Искушение, отвергаемое «непреклонным подростком», которого мы некогда, в «Обезумевшей памяти»3, узнали и который выносит беспощадный приговор.
И снова работа во всей строгости, и в ней не приносит успокоения даже забвение того, что зовется забвением, – но способствует, чтобы выжило что-то иное, бесконечно более темное требование:
«Долг недремлющей дружбы». Как тревожат нас эти такие простые, такие красивые слова. Каковы бы ни были возражения, колебания, из-за которых
И вот тут-то сновидец окликает фигуру, которая ссужает ему свое прозвище и тем самым от него избавляет.
Ответ лежит в каждом из нас, и мы знаем, что вблизи смерти должны все еще
Не все ли равно? То, что нам ГОВОРИЛО, будет говорить нам всегда, как не перестает слышаться (не это ли и есть вечность?) угасающий финальный аккорд «Квартета на конец времени».
В дарованном стихами порыве я написал сей комментарий (то, что, кажется, может за таковой сойти), закрывая глаза на то прегрешение, каким является перевод поэмы (поэм) приблизительной прозой. Несть более тяжкого искажения. Стихотворения Самюэля Вуда обладают собственным голосом, и его надо услышать, прежде чем задумываться об их понимании. «Затронут оказался стих». Но Малларме еще узнавал в «свободном стихе» «изнуренный» старый александрийский. Как мне хотелось бы суметь выговорить ритм, который, продолжая старомодный стих, придает ему сумрачный, подчас солнечный блеск – возвышенность в простоте, – и вот я заглушаю этими эпитетами голоса, что зовут нас и влекут к последней точке.
Белое Черное
Нужно, полагаю, поговорить об «Остинато», но говорить о нем следует без лишних слов, на языке, который меня преследует, не даваясь.
Остинато4 – это музыкальная помета. Это тема без вариаций, настойчивый мотив, который возвращается и не возвращается. Альбан Берг слышит его у Шумана, слышу и я, как ту единственную ноту, что без конца отдавалась у Шумана в голове, не в силах во что-то развиться.
Это также и «упорная строгость»5 Леонардо да Винчи, очарованию которой подпал молодой Поль Валери, намереваясь взять от нее только строгость.
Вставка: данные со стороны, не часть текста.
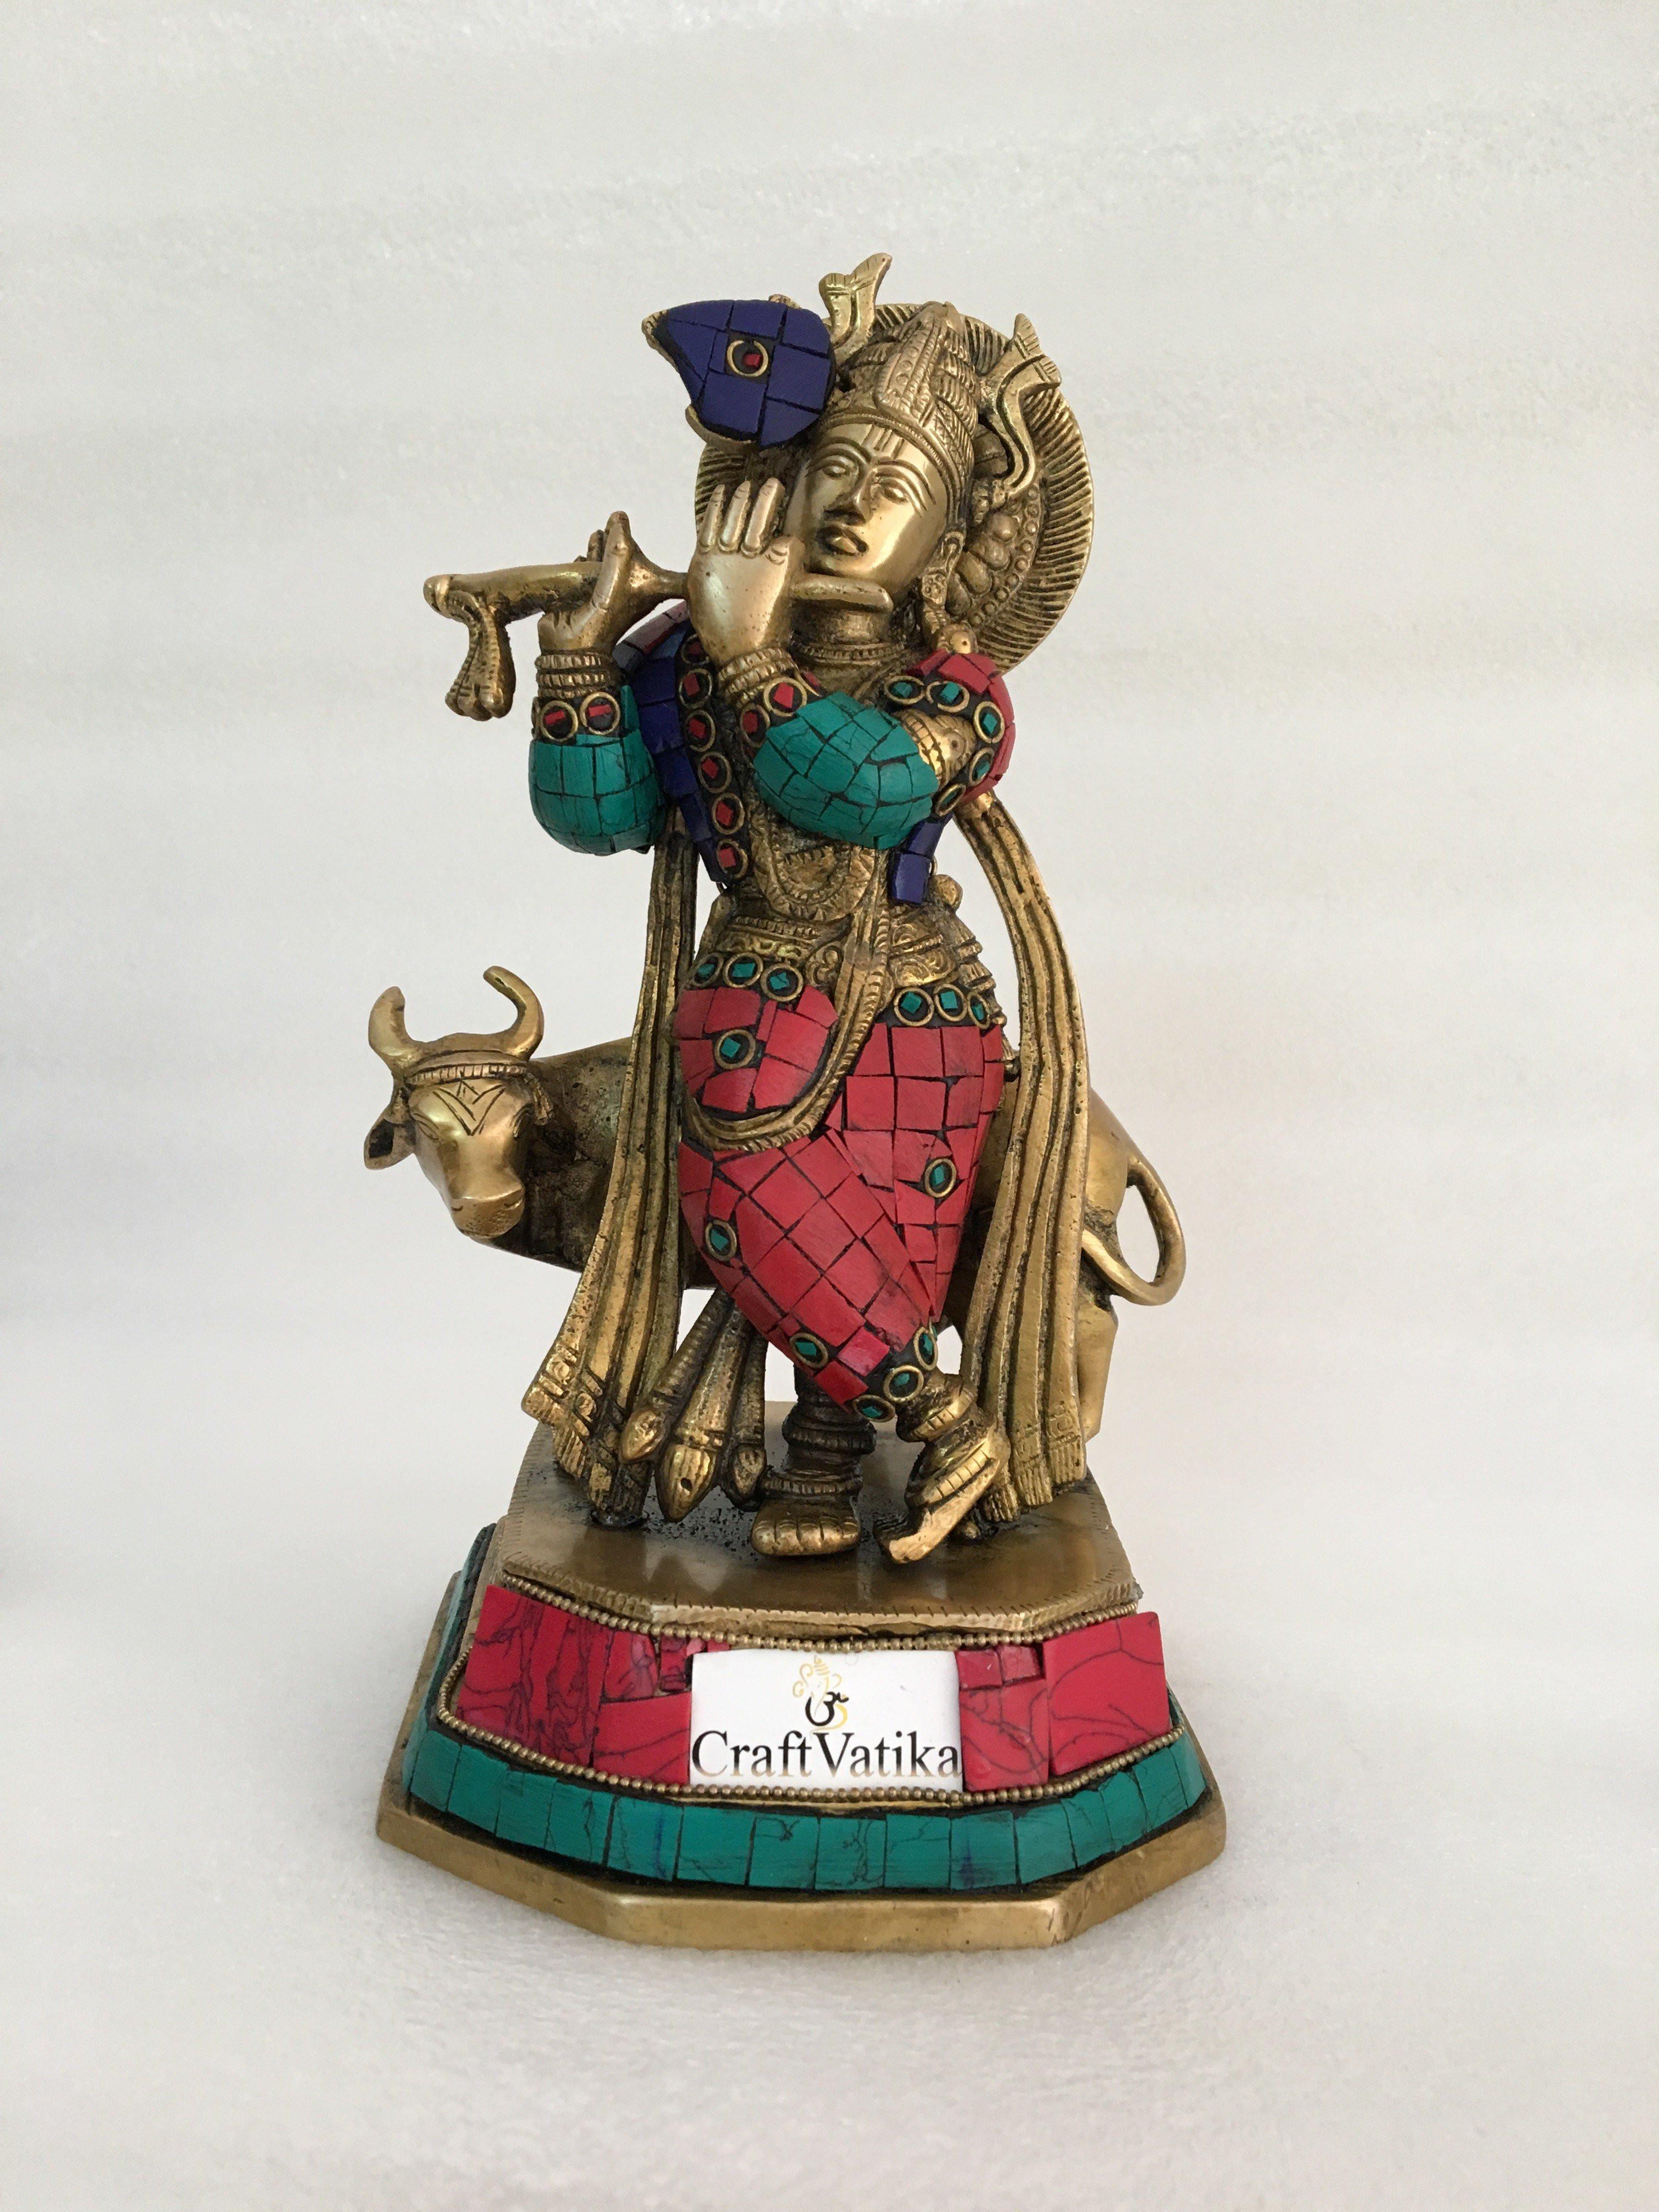 brass bud vase india of large brass cow krishna statue hindu god krishan beautiful sculpture pertaining to large brass cow krishna statue hindu god krishan beautiful sculpture

Однако в случае Луи-Рене Дефоре в центре всего мы сталкиваемся с неким затруднением. Полагаю, в его жизни имела место огромная, бесконечная, непоправимая катастрофа. Пропасть, абсолютный провал. После чего он оказался лишен дара письма. Не думаю, что прозвучала клятва: «Больше не буду писать». Клятву и не нужно было произносить: крушение как бы поглотило того, кто писал.
Осмелюсь сказать, что так (увы) оно и было. На протяжении лет писатель не писал. И, будто для того, чтобы сделать это прерывание еще трагичнее, тратил время на иные искусства: живопись, рисунок, откуда мне знать? – музыку, может статься.
Что же вернуло его в один прекрасный день к потребности писать, которую не удалось превозмочь ни горю, ни безмолвной клятве, ни непреходящей пустоте? Быть может, он просто понял: чтобы перестать писать, надо писать еще и еще, без конца – до самого конца или с него начиная.
Не бывает пробелов без черноты, тишины без возникающих, чтобы прерваться, речи и шума.